Let’s have a look at some of the meters that were created:
VU (Volume Unit) meters are probably the most used meters in analogue equipment. They were designed in the 1940s to measure voltage with a response time similar to how we naturally hear. The method is surprisingly simple: the needle’s own weight slows down its movement by around 300 ms on both the attack and the release so very sudden changes would be soften. The time that the meter needs to start moving is usually called the integration time. You will also hear the term “ballistics” to define these response times.
The PPM (peak programme meter) is a different type of meter that was widely used in the UK and Scandinavia since the 1930s. Unlike the the VU meter, PPM uses very short attack integration times (around 10ms for type II and 4ms for type I) while using relatively long times for the release (around 1.5 seconds for a 20dB fall). Since these integration times are very short, they were often consider quasi-peak meters. The long release time helped engineers see peaks for a longer time and get a feel of the overall levels of a programme since levels would fall slowly after a loud section.
The Dorrough Loudness Meter is also worth mentioning. It combines a RMS and a peak meter in one unit and was very common in the 90s. We will see that combining a RMS and peak meter in a single unit was going to be a trend that will carry on until today.
As digital audio started to become the new industry standard, new ways to measure audio levels needed to be adopted. But how do we define how much 0 is in the digital realm? In analogue audio, the value we assign to 0 is usually some meaningful measure that help us avoid saturating the audio chain. These values used to be measured in volts or watts and would vary depending on the context and type of gear. For example, for studio equipment in the US, 0VU corresponds with +4 dBu (1.228 V) while europe’s 0VU is +6 dBu (1.55 V).

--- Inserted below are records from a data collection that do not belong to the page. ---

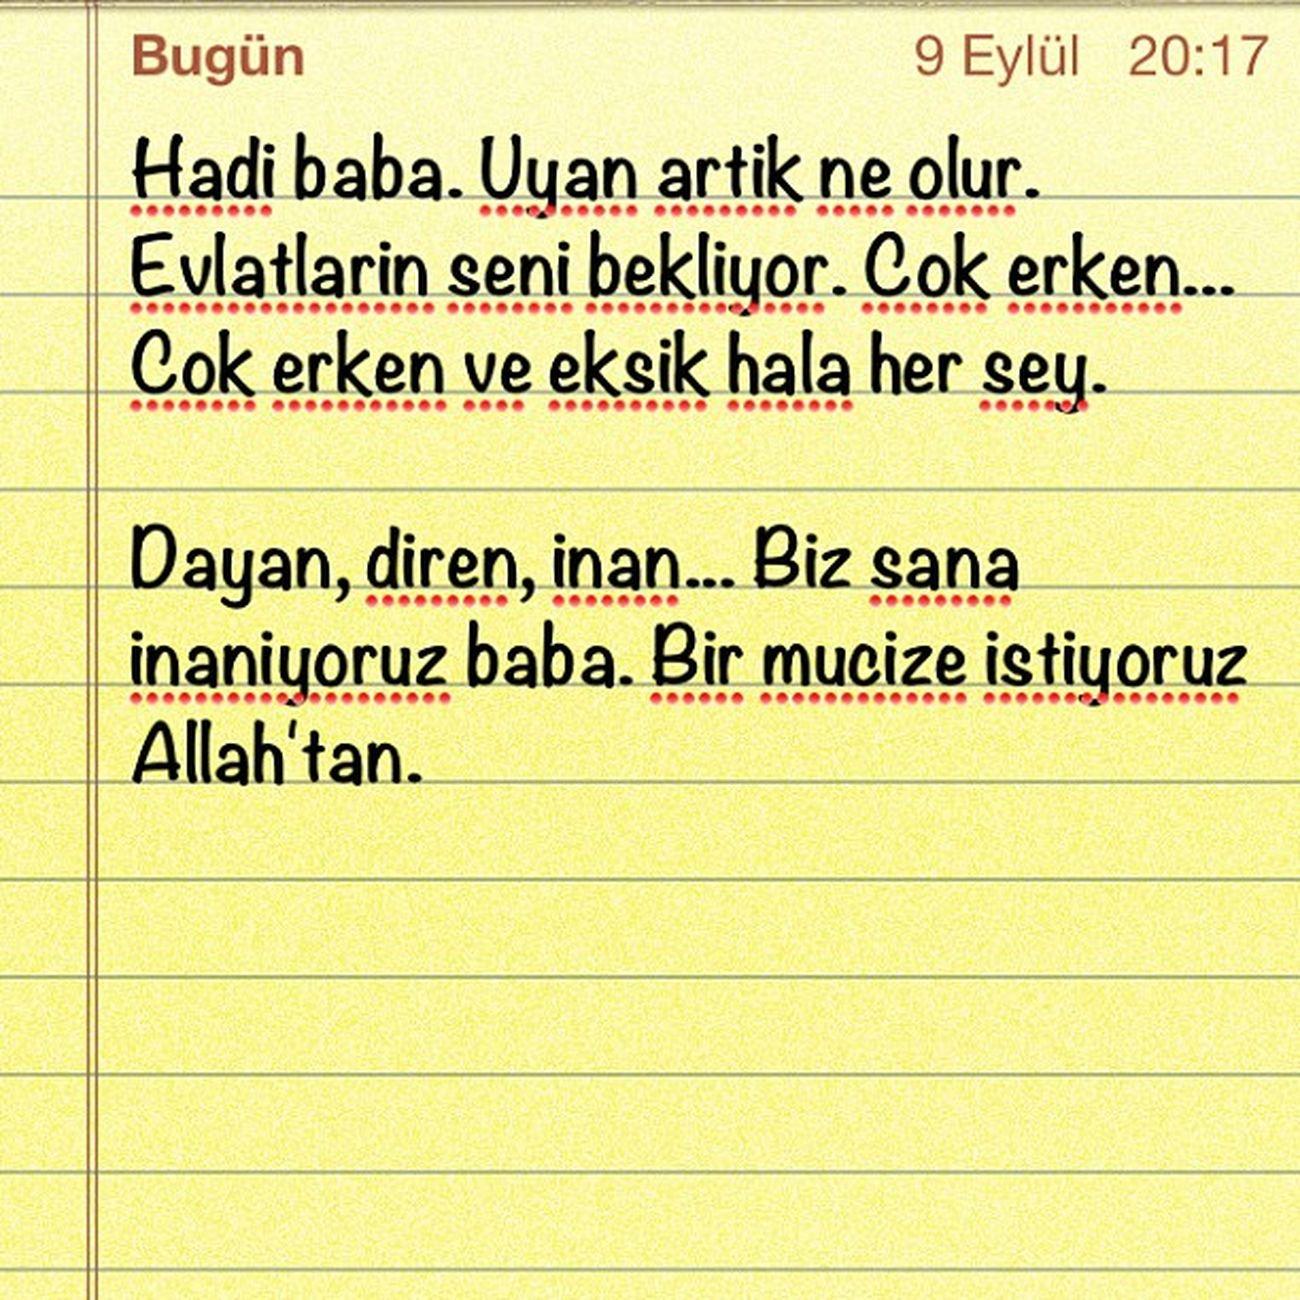 Babam.... Kendimenot Istanbul Acibadem Hastane ailehastanesi
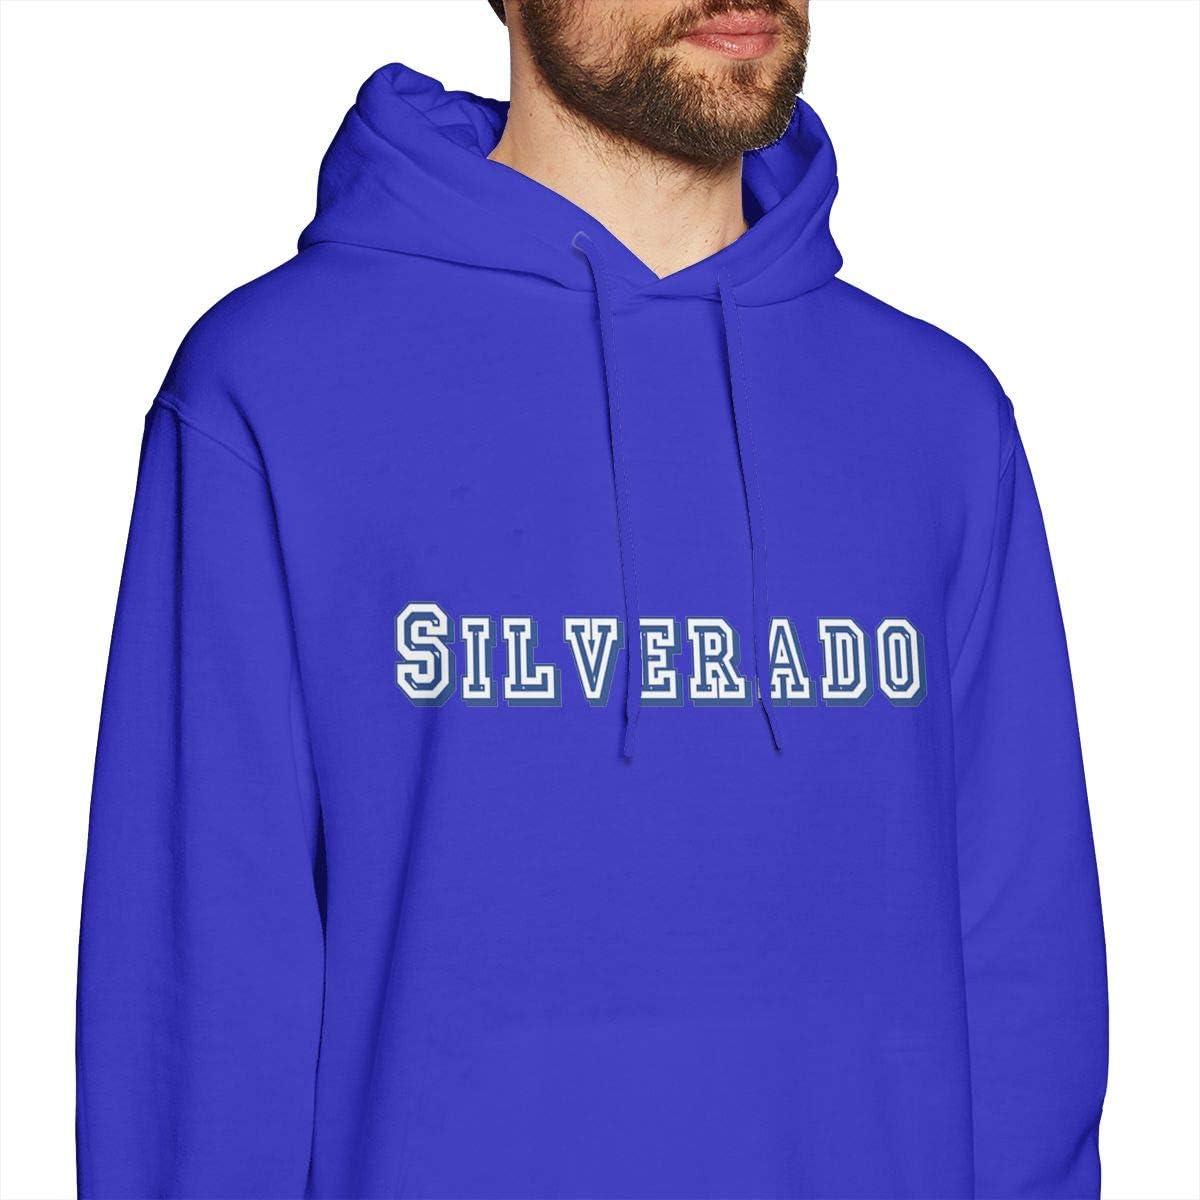 Ch-evr-olet Silverado Logo Mens Hoodies Pullover Hooded Sweatshirt Jackets Blue
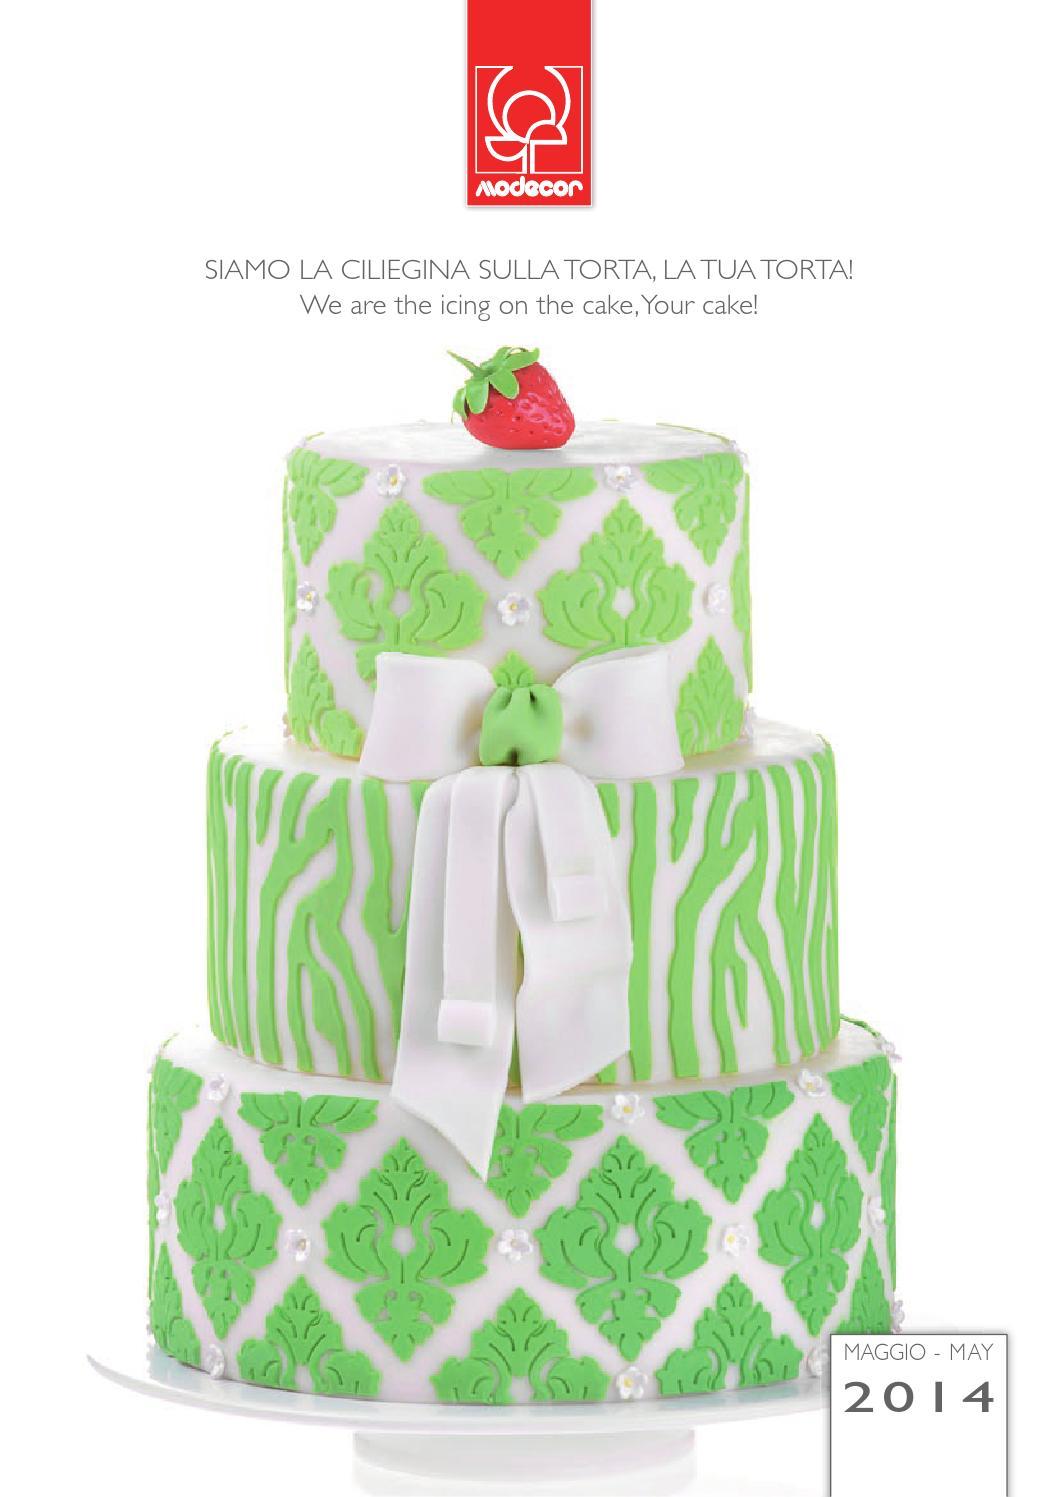 DECORGEL MAT BIANCO Cake Design Pasticceria Dolci Torte Zucchero 23204G

Consumer equipment uses -10dBV (0.3162V) as their 0VU. As you can see, the meaning of 0VU is very context dependant.
In the case of digital audio, 0dB is simply defined as the loudest level that flows through the converters before clipping, this is, before the waveform is deformed and saturation is introduced. We call this definition of the decibel, dBFS (Decibel Full Scale). How digital audio levels correspond with analogue levels depends on how your converters are calibrated but usually 0VU is equated to around -20dBFS on studio equipment.View fullsize
TV Regional and National Standards
Now that we have a good idea of all the different characteristics standards use, let’s see how they compare.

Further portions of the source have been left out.